Segal, a law professor at Tel Aviv University, has been one of Israel's most prominent jurists for several decades, someone who influenced both the public and the legal debate in his fields of expertise, which included constitutional and administrative law, ethics, media law and freedom of expression.
He is survived by his wife Lily and a son, Hadar.
Born on January 13, 1947, Segal served as a military correspondent for the Israel Defense Forces' Bamahane Gadna newspaper from 1965-1968.
He completed his undergraduate and master's degrees in the faculty of law at Tel Aviv University and went on to work as an aide to Shimon Peres during the president's tenure as Minister of Communications and Transportation.
Segal received a PhD in law from Tel Aviv University in 1982 and stayed with the institution for the whole of his academic career, as researcher and associate professor in the fields of law and public policy. He also took on chairmanship of the Executive Master in Public Policy Program.

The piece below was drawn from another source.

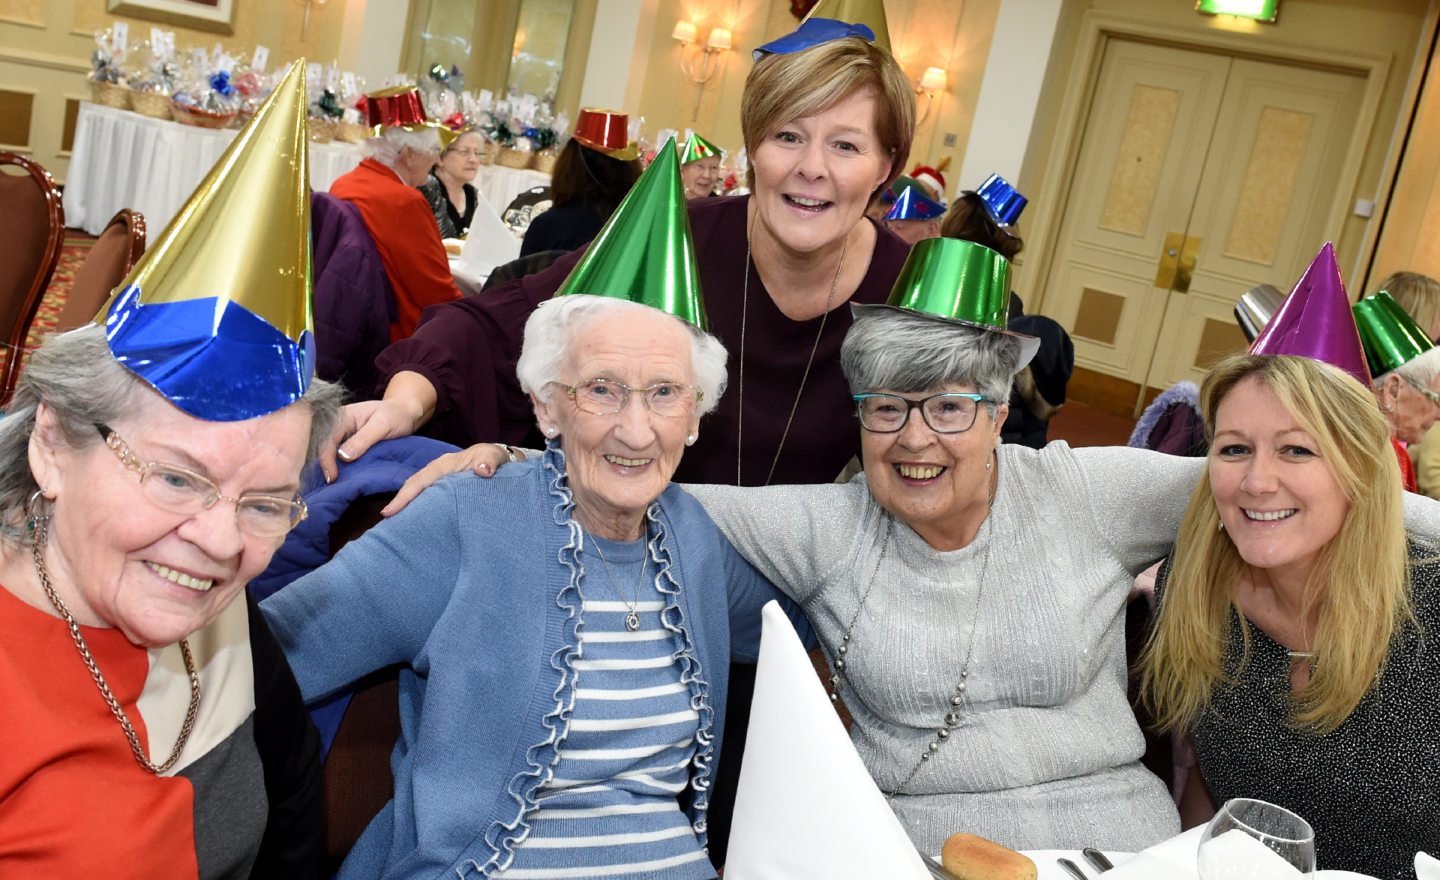 A charity party at the Dyce Marriott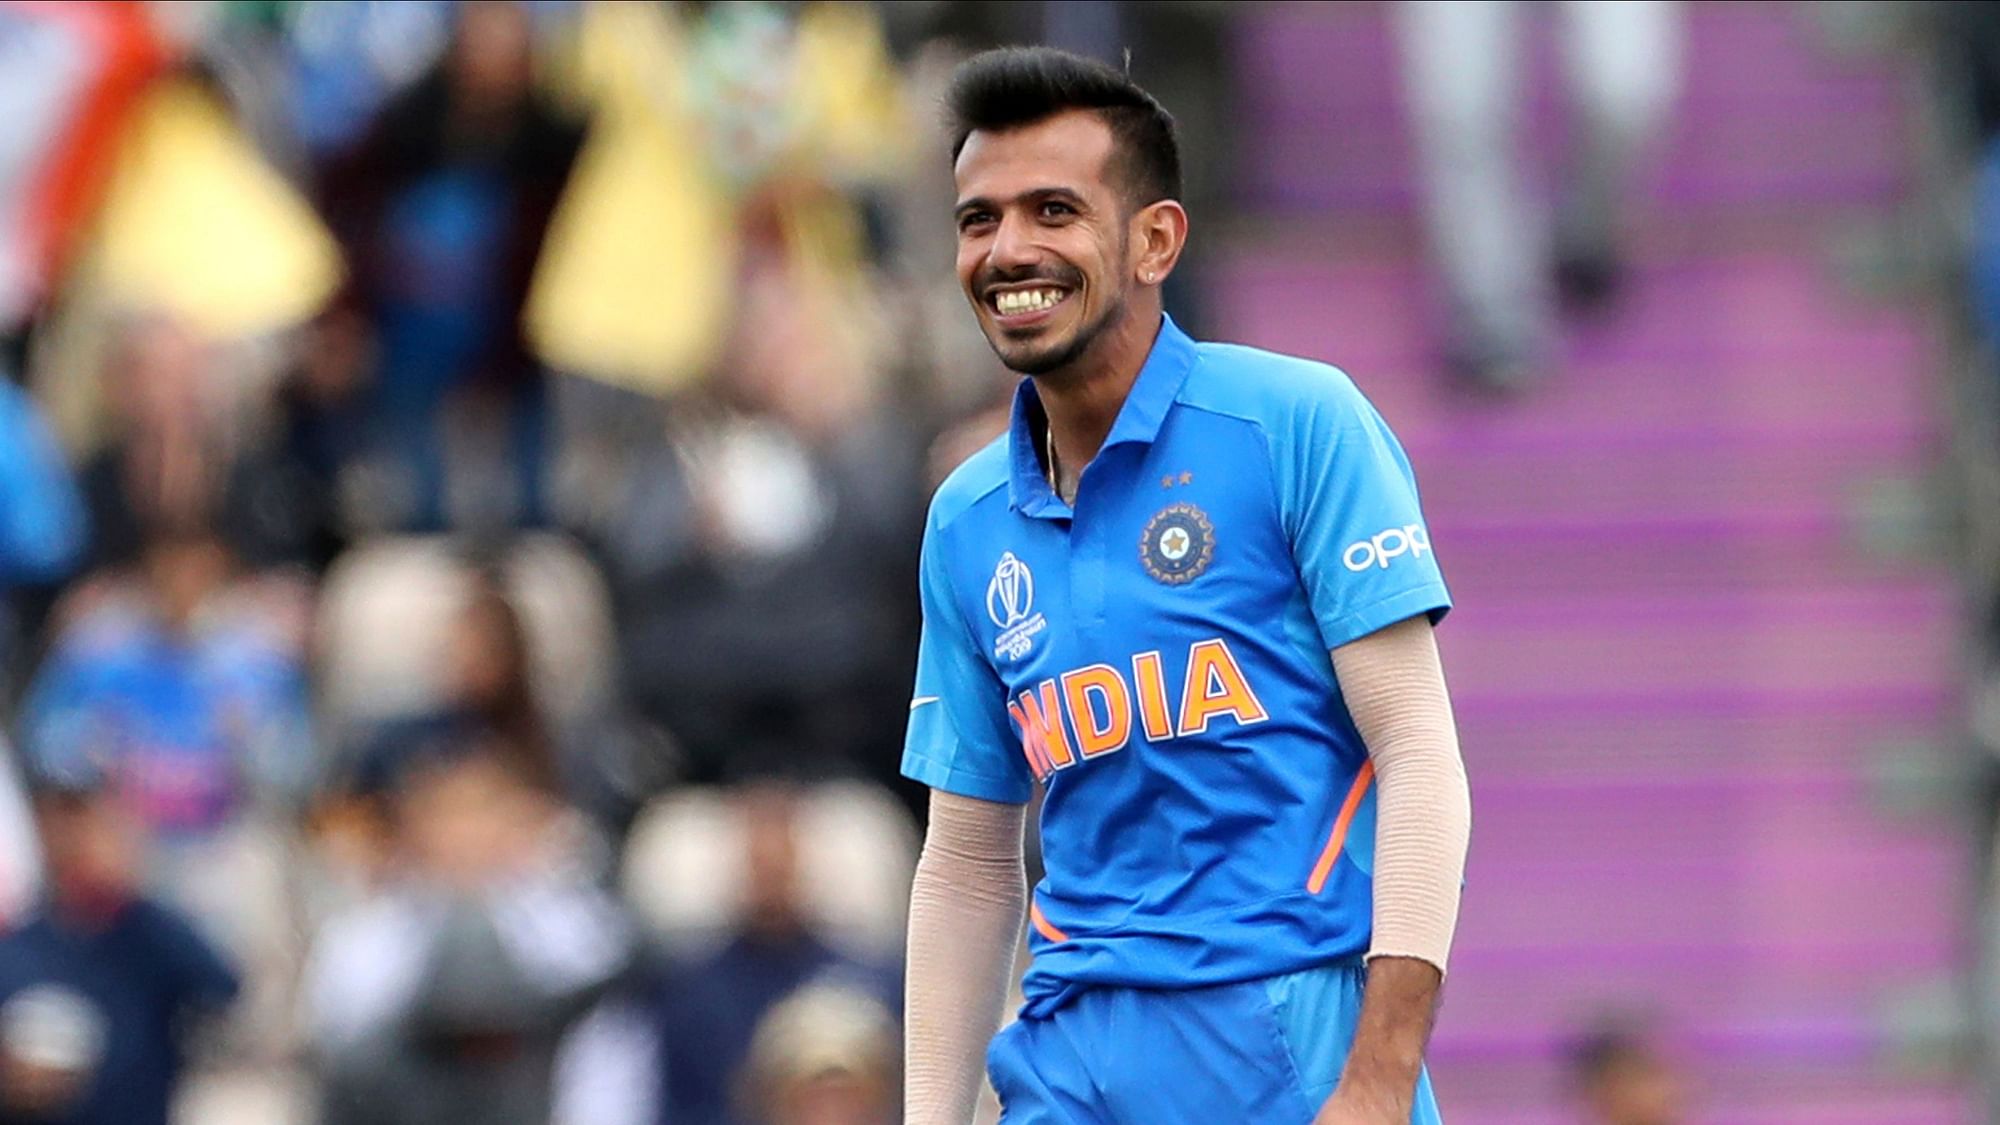 Yuzvendra Chahal returned with  4/51 from his 10 overs vs South Africa.

In 2001, Segal helped draft the Kinneret Convention, a treaty signed by prominent Israeli members of the academia, the rabbinate, the art world, the media, the defense establishment, industry and administration. The main purpose of that convention was to find a common ground to end the societal rift that had erupted after the assassination of Prime Minister Yitzhak Rabin.
Segal took on co-leadership of the Forum of Law and Society alongside Professor Hadara Ben Mor, a body established in 1999. He also served an observer on The Israeli Press Council and chairperson of the Israel Diaspora Forum at the World Zionist Organization.
Segal is the author of many academic articles and five books on law, including The Right to Know in the Light of the Freedom of Information Act, and Freedom of the Press: Between Myth and Reality.